“In the supermarket, square tomatoes are available from today.”
“Sweden ends the offer of PCR tests.”
Are these news true?
What might seem inconspicuous at first glance can have serious consequences in some cases. At the beginning of the COVID-19 pandemic, the news spread on social media that drinking bleach could cure a Corona infection. As a result, several people had to be medically treated urgently due to the harmful effects of bleach.
Due to their rapid spread and potentially negative consequences, fake news are considered one of the greatest challenges of our time. An important research field is the development of Artificial Intelligence that can counteract fake news. In this article, we highlight what fake news are, Machine Learning approaches against fake news, the limitations of these methods, and what more needs to be done.
What we understand as fake news
When we only have a text in front of us, we often cannot judge whether there is a manipulative intention behind a statement. In this article, we generally understand “fake news” to mean misinformation. Detecting misinformation is complicated by two factors: necessary knowledge and context. Let’s consider the following examples for explanation:
- (A): Yesterday, there were 3000 new COVID-19 cases in Germany.
- (B): Today is Friday.
To verify the statement in (A), necessary knowledge is required. For example, information from the Robert Koch Institute needs to be accessed. The second statement (B) may seem inconspicuous at first glance. But on all days except Friday, it is false and thus strongly context-dependent. In the course of the blog post, we will see why both statements pose a challenge for Machine Learning methods.
Manual approaches
With the abundance of information we consume every day, it is exhausting and simply impossible to research and verify every statement. We receive support from fact-checkers who have taken on this task. In addition, there are products like NewsGuard, which offers a browser plugin displaying the rating of news sources. These ratings undergo a manual verification process and therefore take time. Hence, it is not possible to check every statement immediately. For this reason, we have sought ways to technically support the detection of fake news using Machine Learning. Approaches to this will be explained in more detail below.
How can we approach fake news detection with Machine Learning?
The first possible approach aims to classify certain websites as trustworthy or untrustworthy based on selected features. Certain features, such as web traffic, the presence of a verified Twitter account, or textual information, can influence the decision. However, a website can be trustworthy and still publish articles containing false information. Sources provide an initial indication but are not sufficient for a clear assessment.
In contrast, the second approach uses the actual content of a news article. In most cases, the problem is also implemented as a classification with a binary assignment of “fake” or “not fake.” Some datasets are available for this task.
Challenges: Data and context
Classification occurs by first transforming the text into a machine-readable format, and then during the training phase, a mapping from text to class is learned (see also the blog post “What are the types of Machine Learning?“). On a test dataset, a classification accuracy in percentage can be outputted. For example, an exemplary accuracy of 90% means that the ML method, on a curated dataset, can differentiate between “fake” and “not fake” in 90% of cases. However, such numbers distort the challenge in actual deployment. Often, a model trained in this way cannot generalize. For instance, if we train a model on political texts, it is challenging to apply it to medicine. Overall, the model can only be as good as the underlying data allow it to be. This becomes clear again when we look at the examples above. If the model does not have the data from the Robert Koch Institute as a basis, it will not be able to make a correct assessment of (A). And even if the model has access to this information, it cannot necessarily make a correct assessment since the term “yesterday” is related to the date of the news. This brings us to example (B). Here, it becomes evident that in fake news, context poses a challenge. If the model does not have the date added as a feature, it has no basis for a suitable decision.

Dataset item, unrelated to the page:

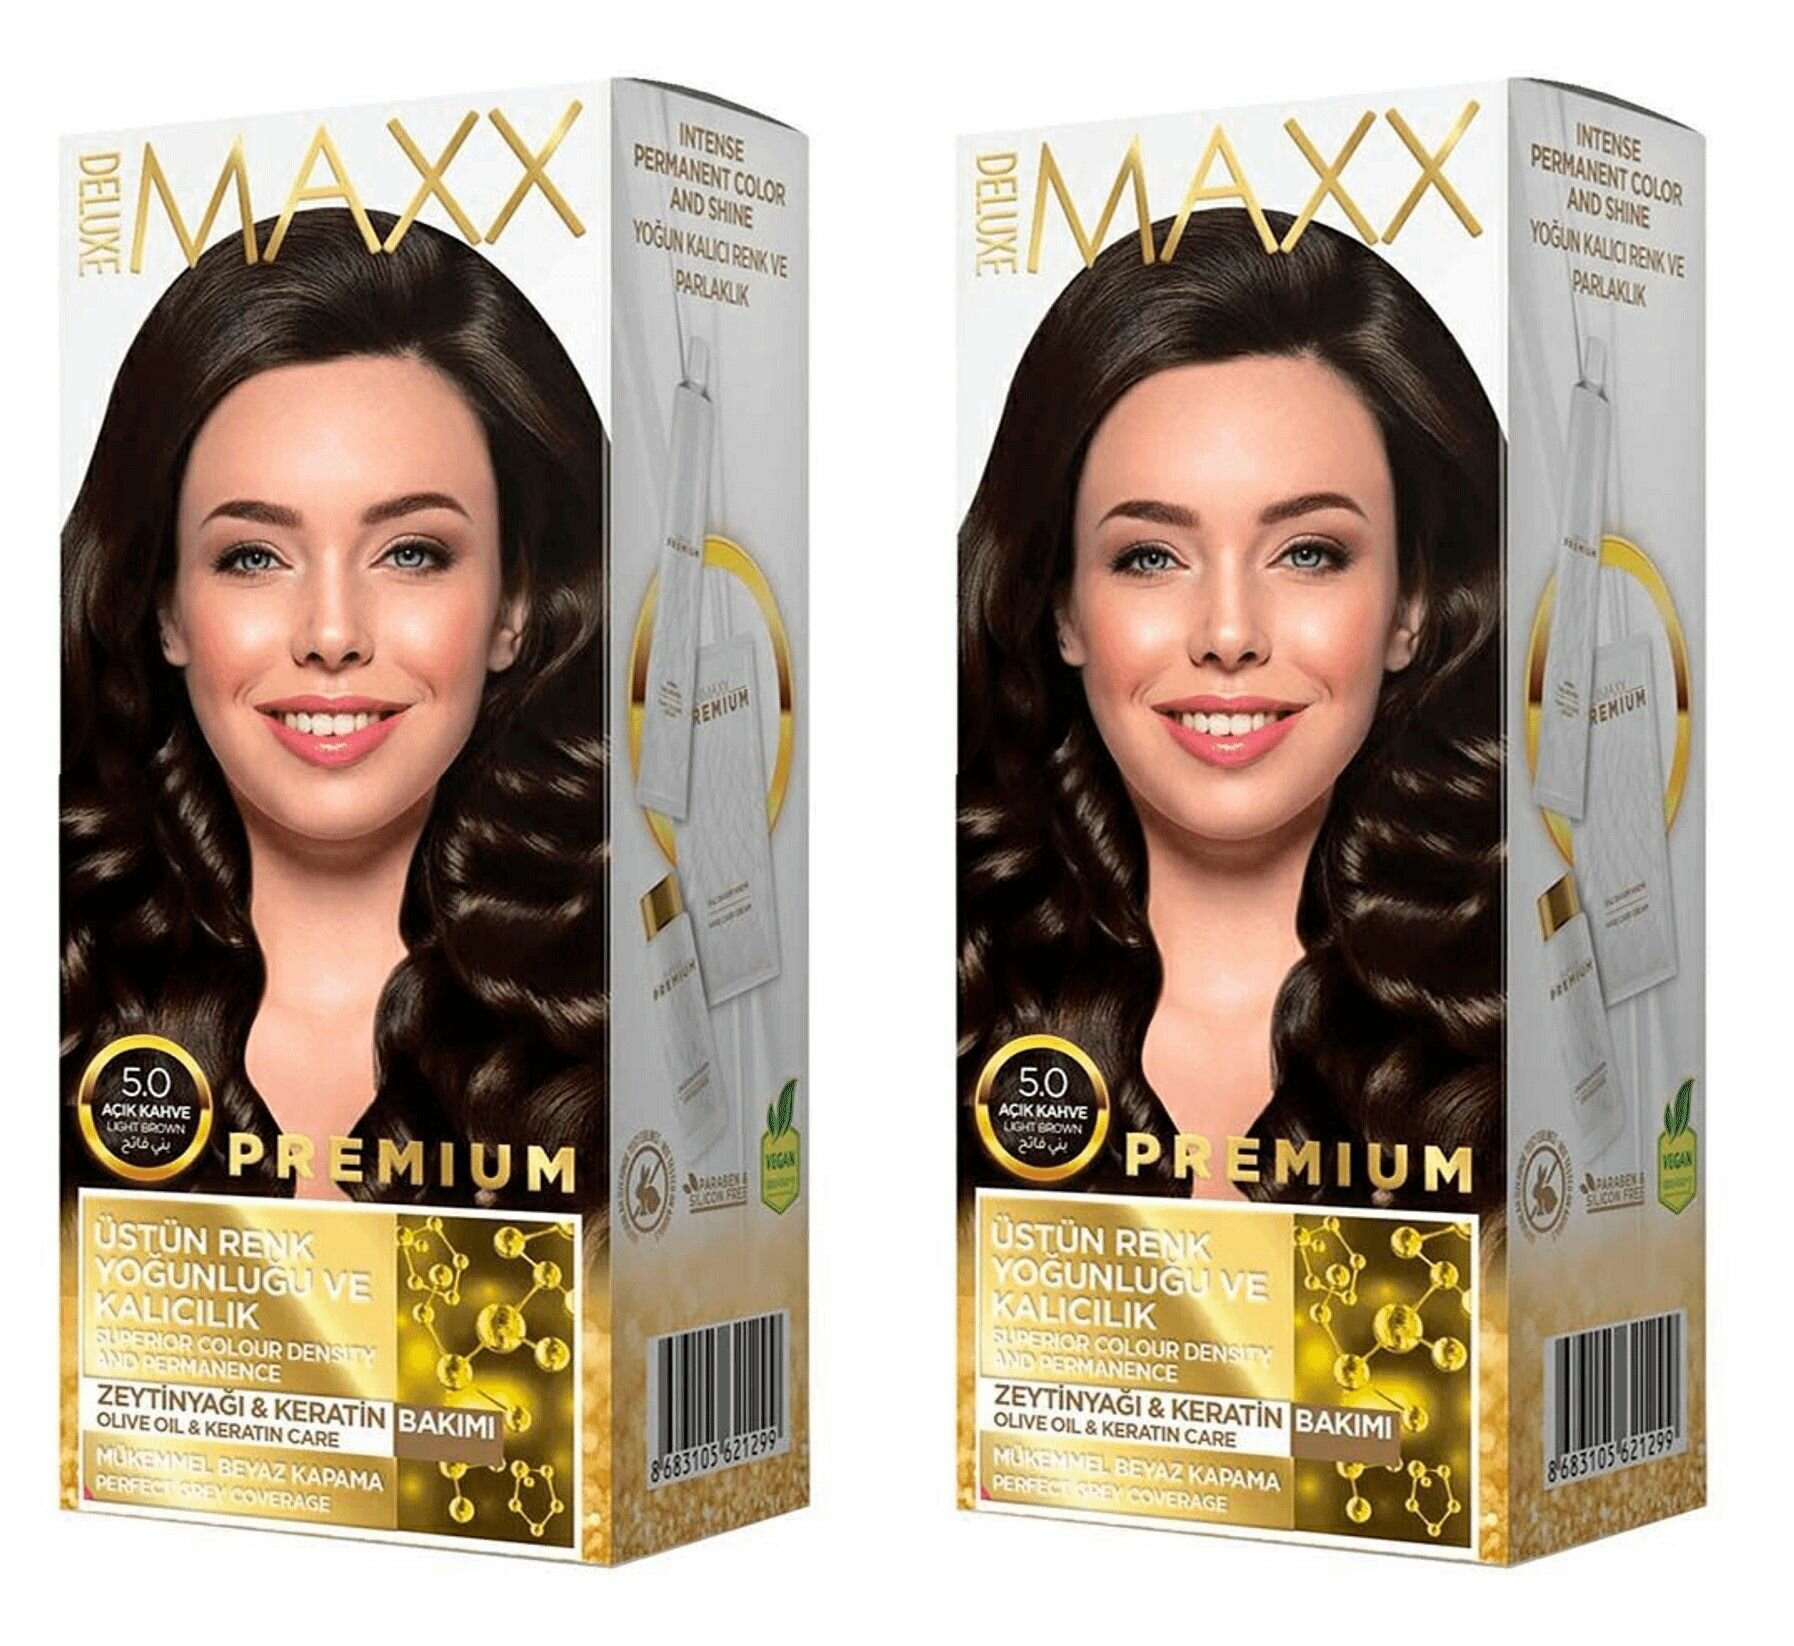 MAXX DELUXE Краска для волос Premium, тон 5.0 Светлый каштан, 110 г, 2 шт

However, another challenge remains: When we want to scale and apply a model to various domains and text types, how can we ensure that we provide our model with sufficient context and knowledge? This is not possible with our current state of research.
Classification can make sense when we enrich our model with additional knowledge (“Informed Machine Learning – Learning from data and prior knowledge“), the application domain is clearly defined, and we expect that a classification is possible from purely textual information. This is the case, for example, when breaking down the problem into smaller tasks such as detecting hate speech. In our approaches, we instead consider the problem from two additional perspectives: (1) Providing information and (2) Quality assessment.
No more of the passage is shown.